# Moto Bike frame and Fork I.D.



## frampton (Nov 28, 2015)

I've had this frame for about 20 years. Thought it might be Indian, but would like some opinions.

Thanks


----------



## frampton (Nov 28, 2015)

More pictures.


----------



## dave the wave (Nov 28, 2015)

it is a Indian.


----------



## frampton (Nov 28, 2015)

Thanks Dave.


----------



## frampton (Nov 28, 2015)

Does anyone have split crank bottom bracket parts? Possibly pictures of the assembly?


----------



## jkent (Nov 28, 2015)

Nice!!! If you get tired of storing that crusty old frame you just let me know.
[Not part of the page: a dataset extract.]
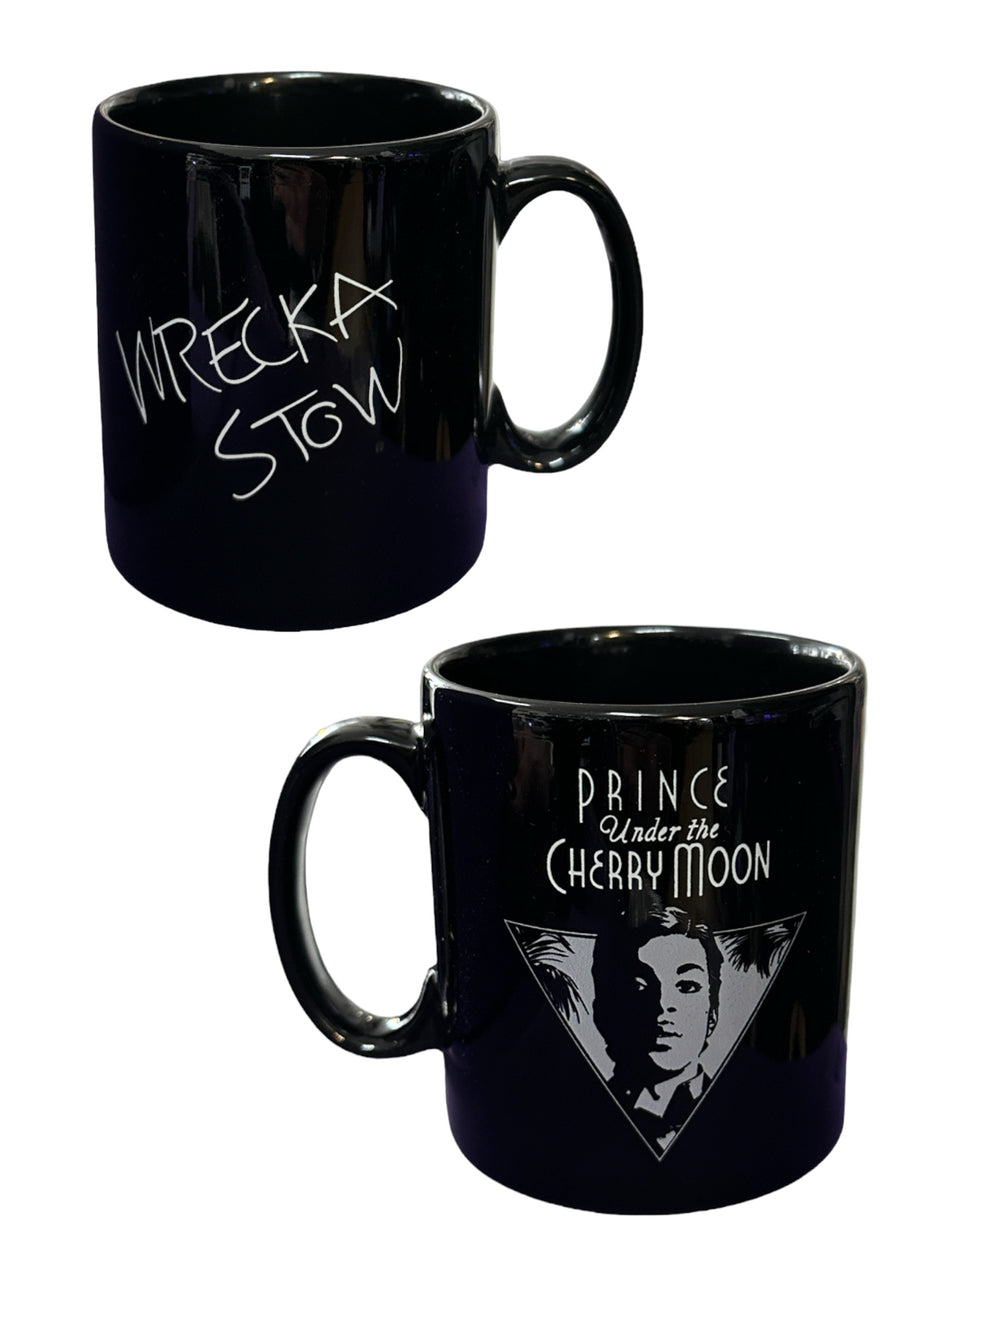 Prince – Under The Cherry Moon Official & Xclusive Licensed Ceramic Mug LTD EDITION

I will take it off your hands.
JKent


----------



## catfish (Nov 28, 2015)

frampton said:


> Thanks Dave.




A Westfield Built Indian.


----------



## frampton (Nov 28, 2015)

Thanks Catfish.


----------



## catfish (Nov 28, 2015)




----------



## frampton (Nov 28, 2015)

Cool, looks like the seat cluster is drop forged as well. Pinned in place before brazing.


----------



## 1936Flyte (Nov 28, 2015)

i think I have a couple chain tensioners for this bike


----------



## frampton (Nov 28, 2015)

Thank you. I have a few more parts for this bike and I am pretty sure I have chain tensioners.


----------



## fordsnake (Nov 28, 2015)

frampton said:


> Cool, looks like the seat cluster is drop forged as well. Pinned in place before brazing.
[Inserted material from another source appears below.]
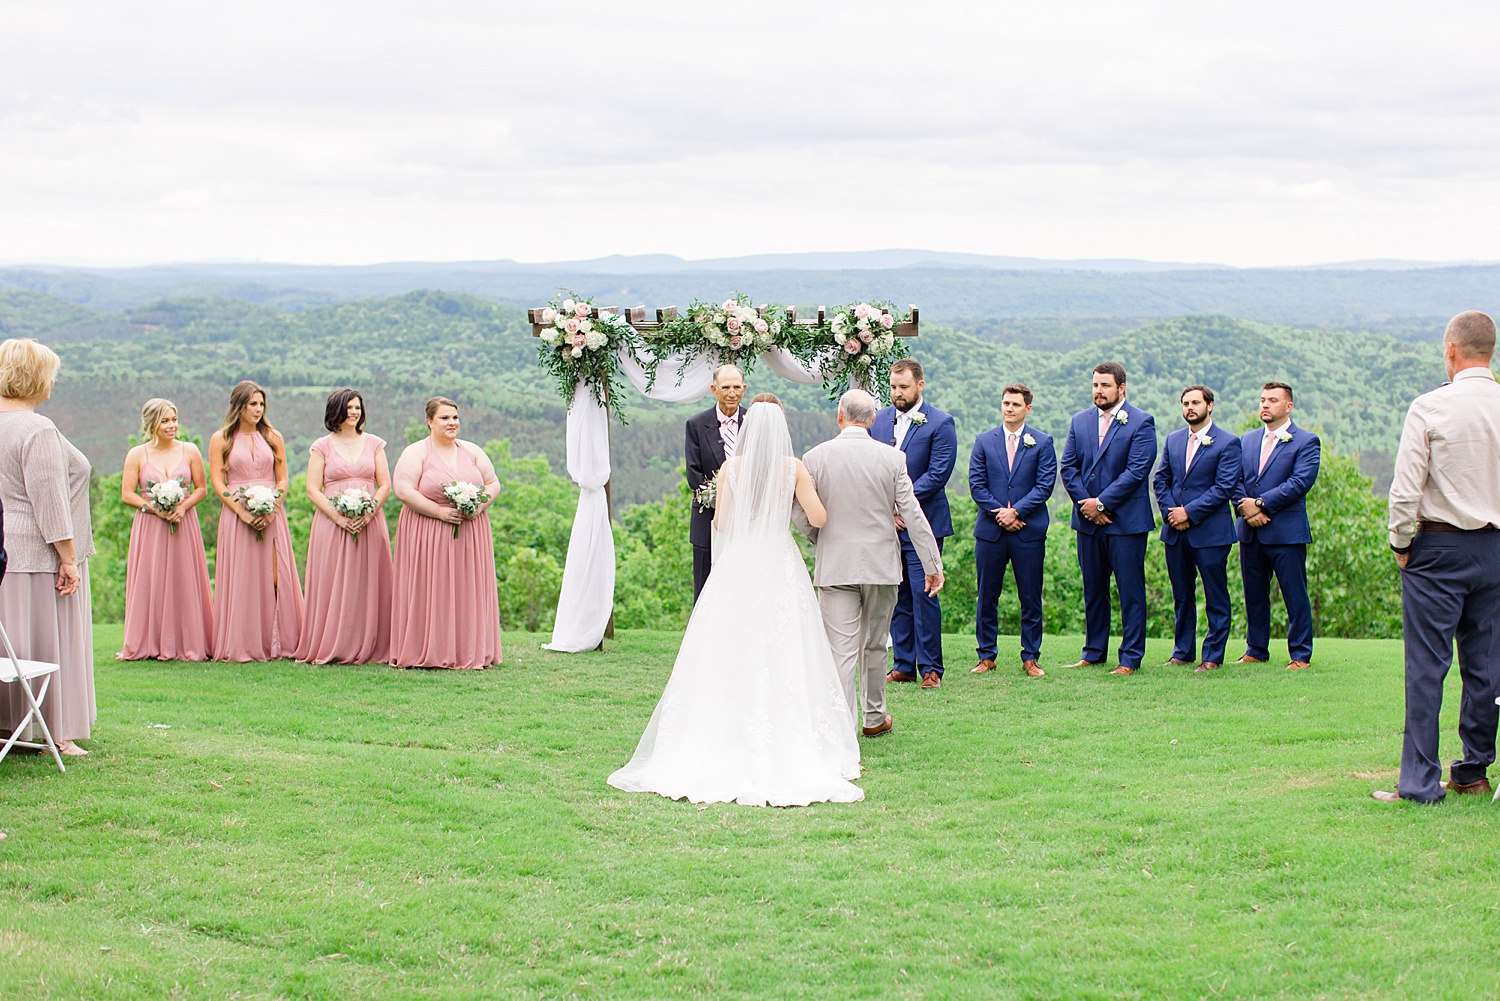 stunning outdoor wedding ceremony at Weddings at Cabin Bluff in AL

A commonly used process on late 1800's & early 1900's model frames


----------



## dave the wave (Nov 30, 2015)

you have a circa 1922 +/- years model.you could paint it red with white head darts or all red with gold fine pin stripes.Westfield built.


----------



## frampton (Nov 30, 2015)

Thanks for the pictures Wavey Davey.


----------